## Supplied material:

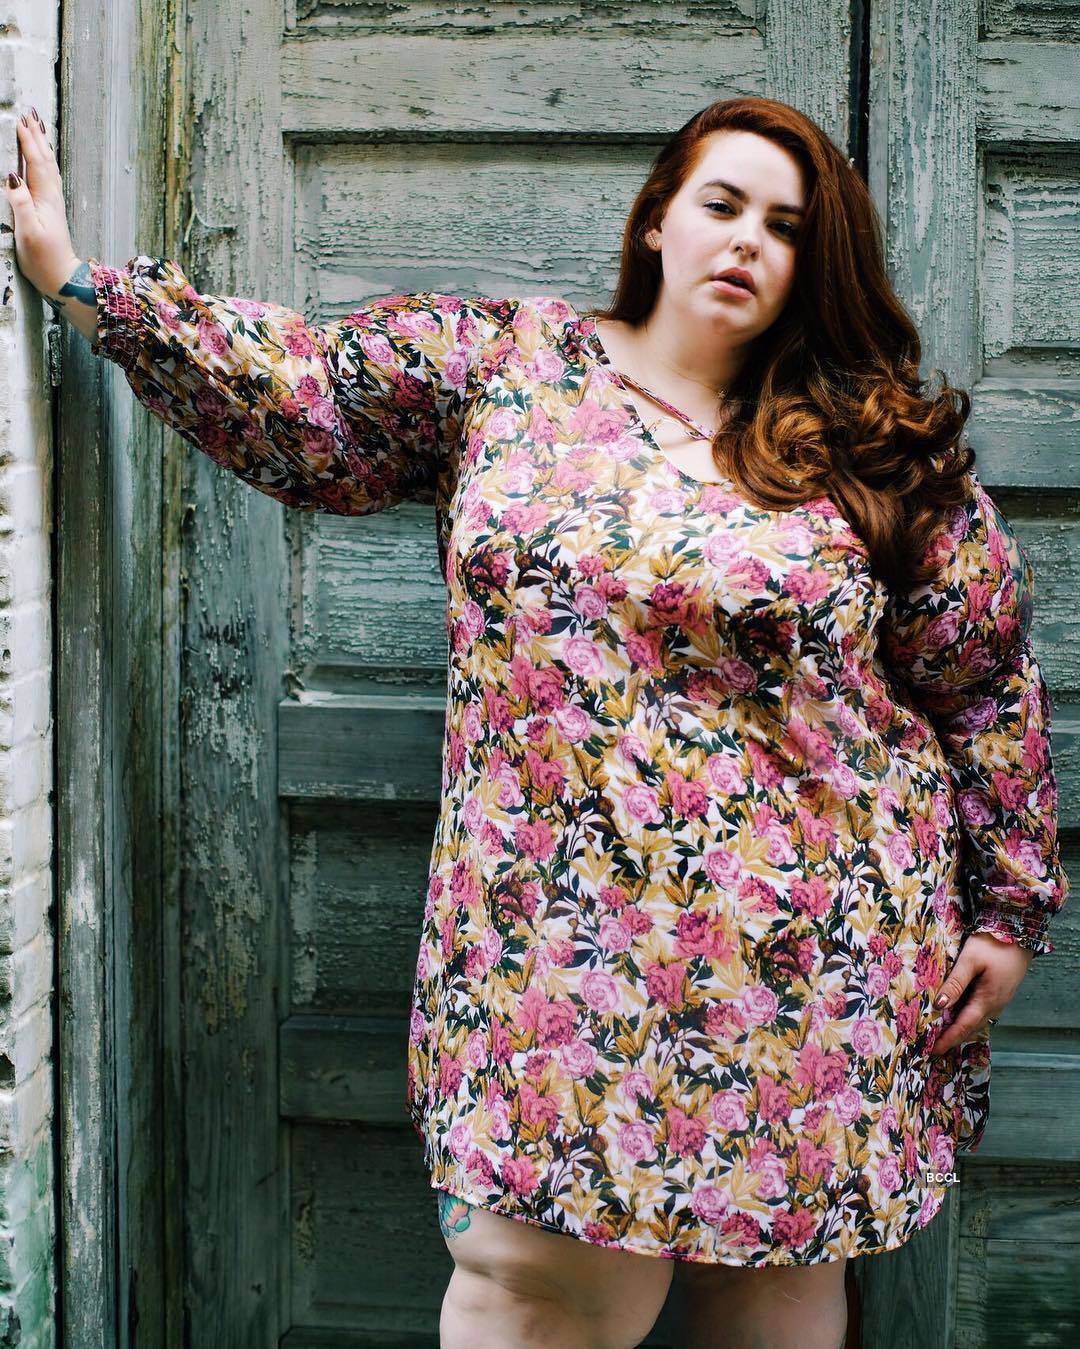 Author of 'Fat Girl' Tess Holliday changes the perception of plus size models
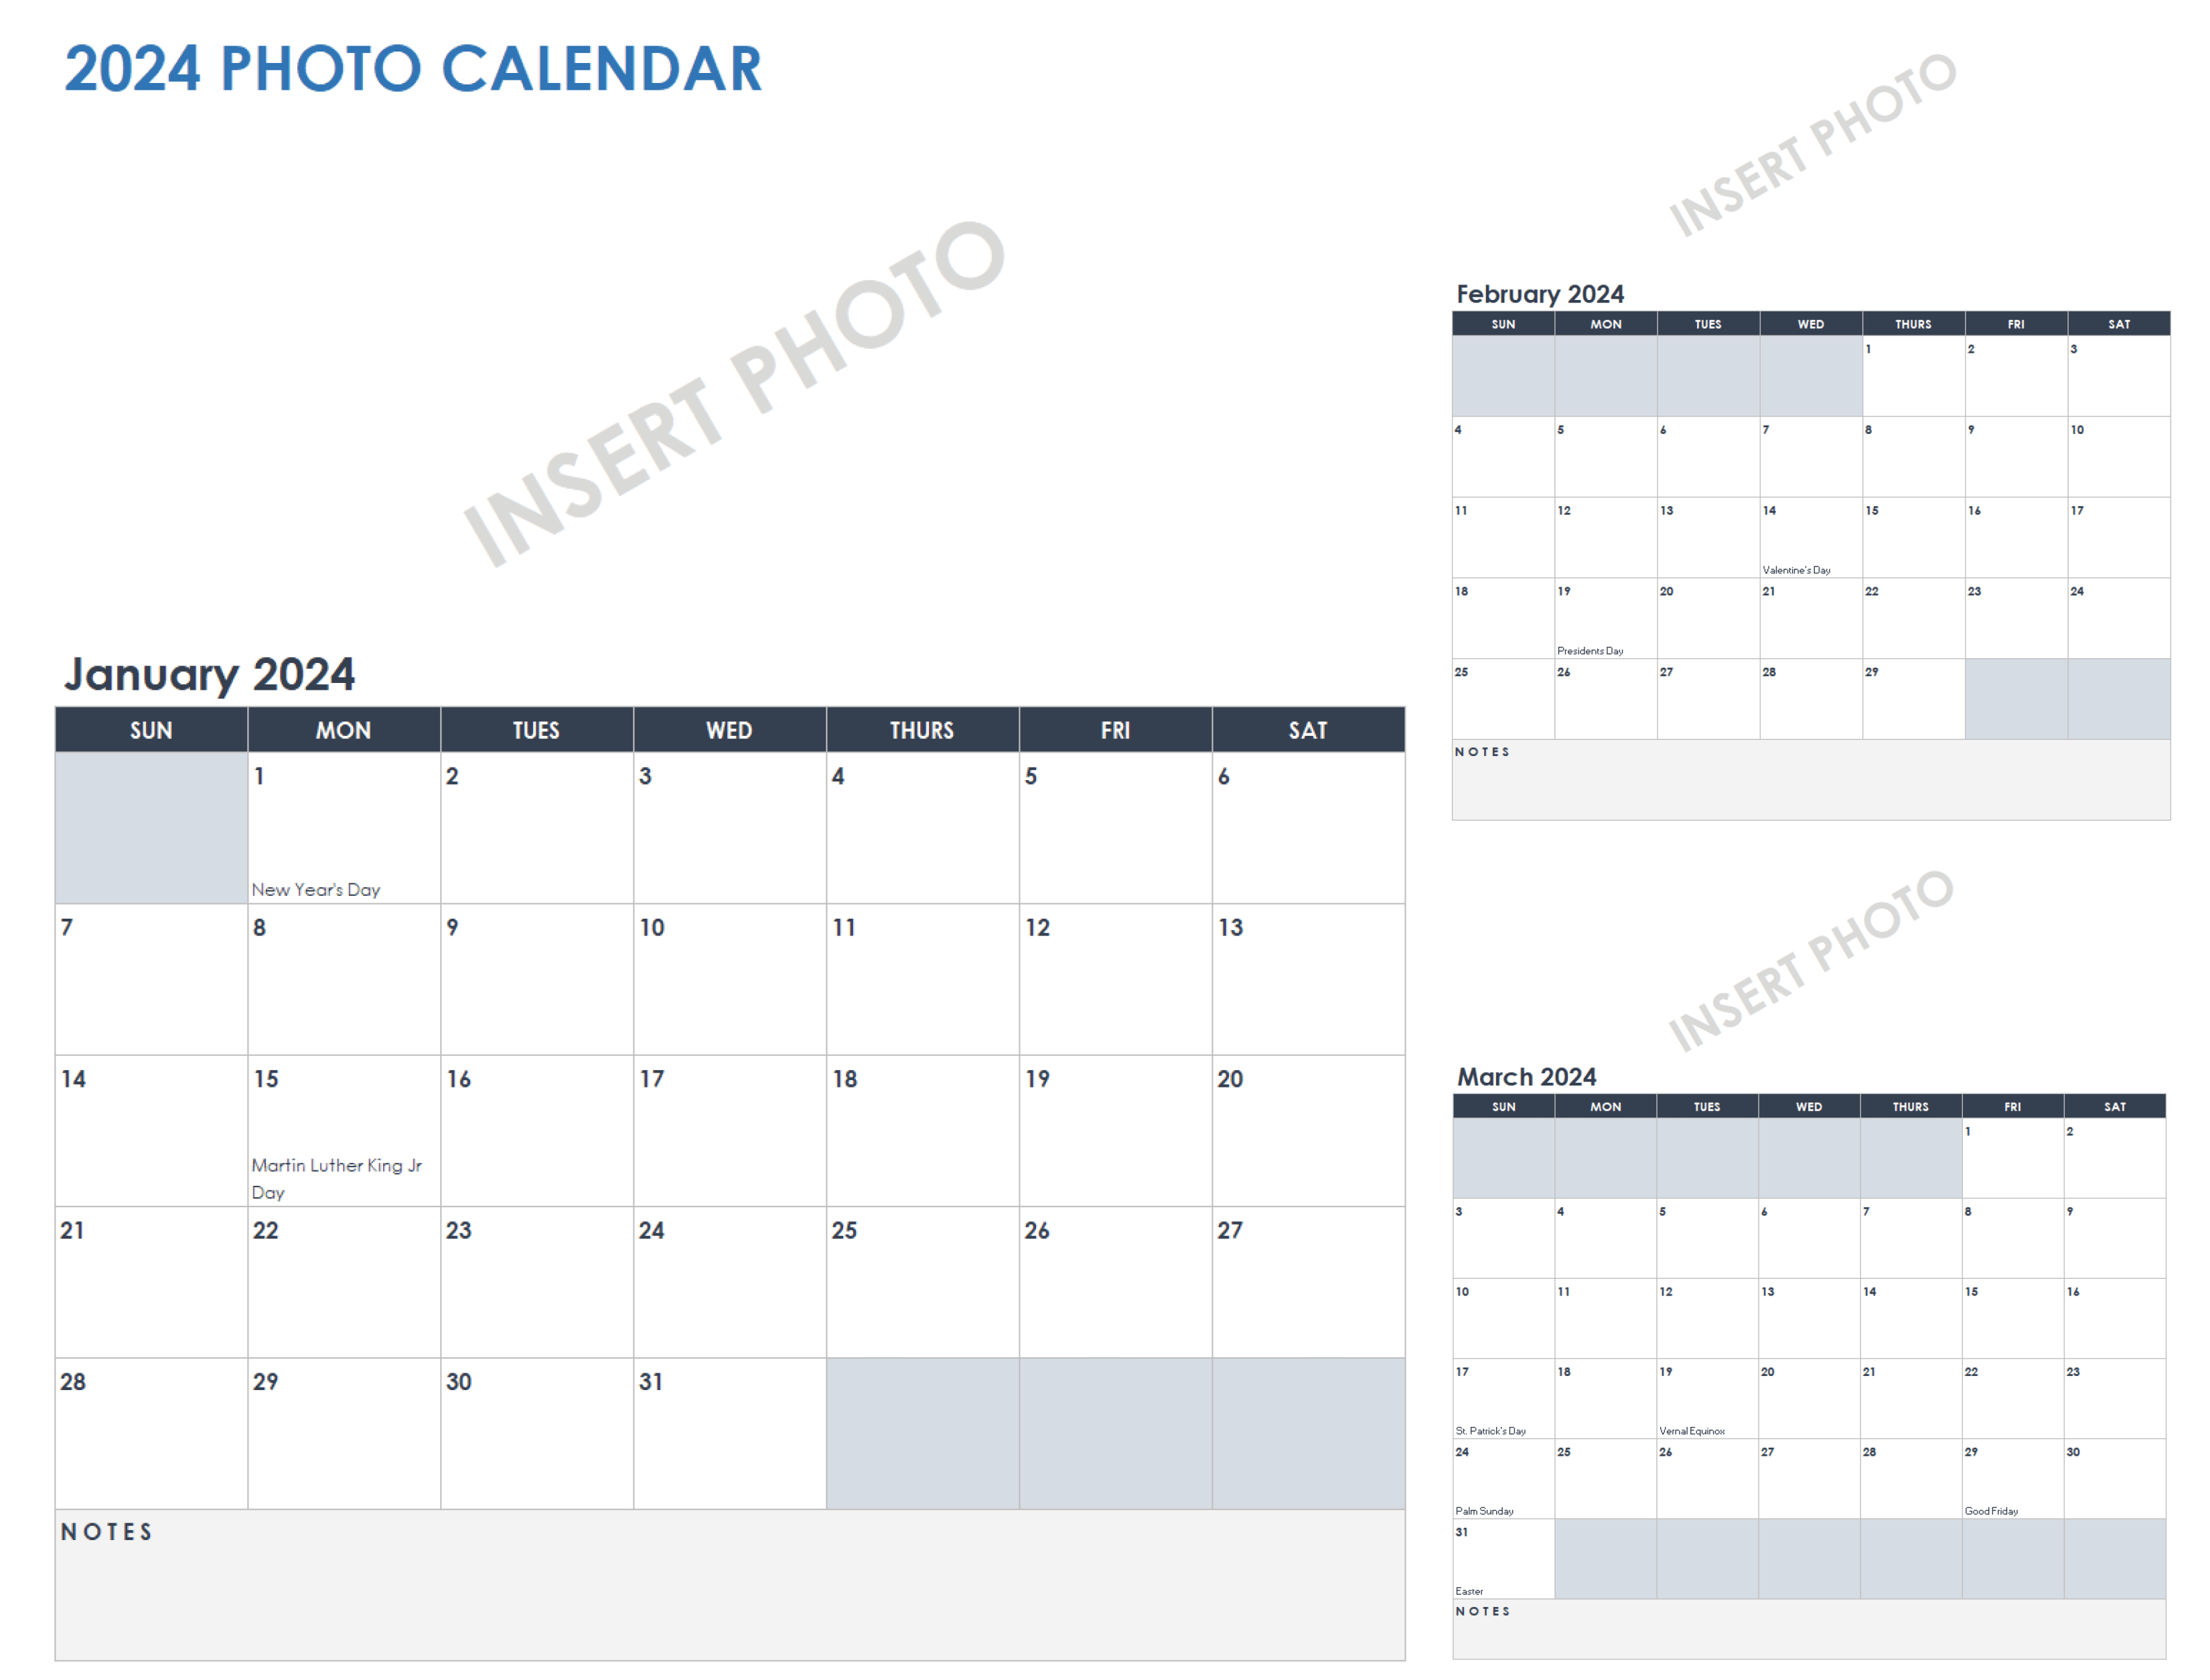 Best Practices For Using A 2024 Printable Calendar Template 2020
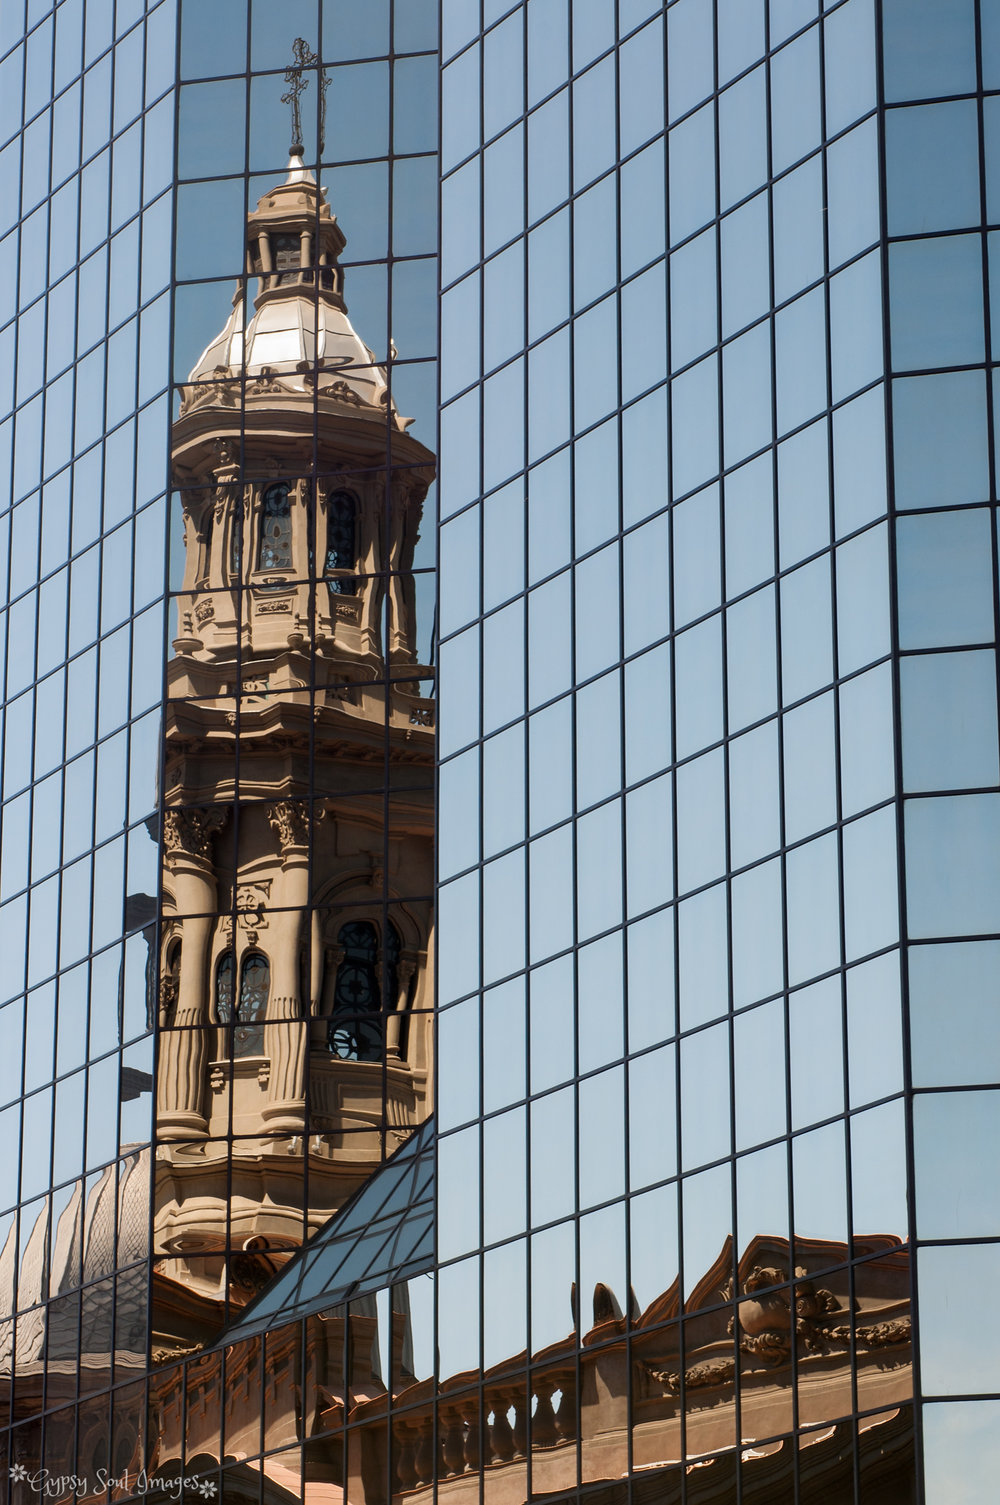 Reflections of Old in New - Santiago, Chile

## Goal of the exercise:
Starting at the line that contains "Best Practices For", retype each line through the final one in the listing, with both ends kept and the pictures omitted.

## Answer to the exercise:
 Best Practices For Using A 2024 Printable Calendar Template 2020
 Reflections of Old in New - Santiago, Chile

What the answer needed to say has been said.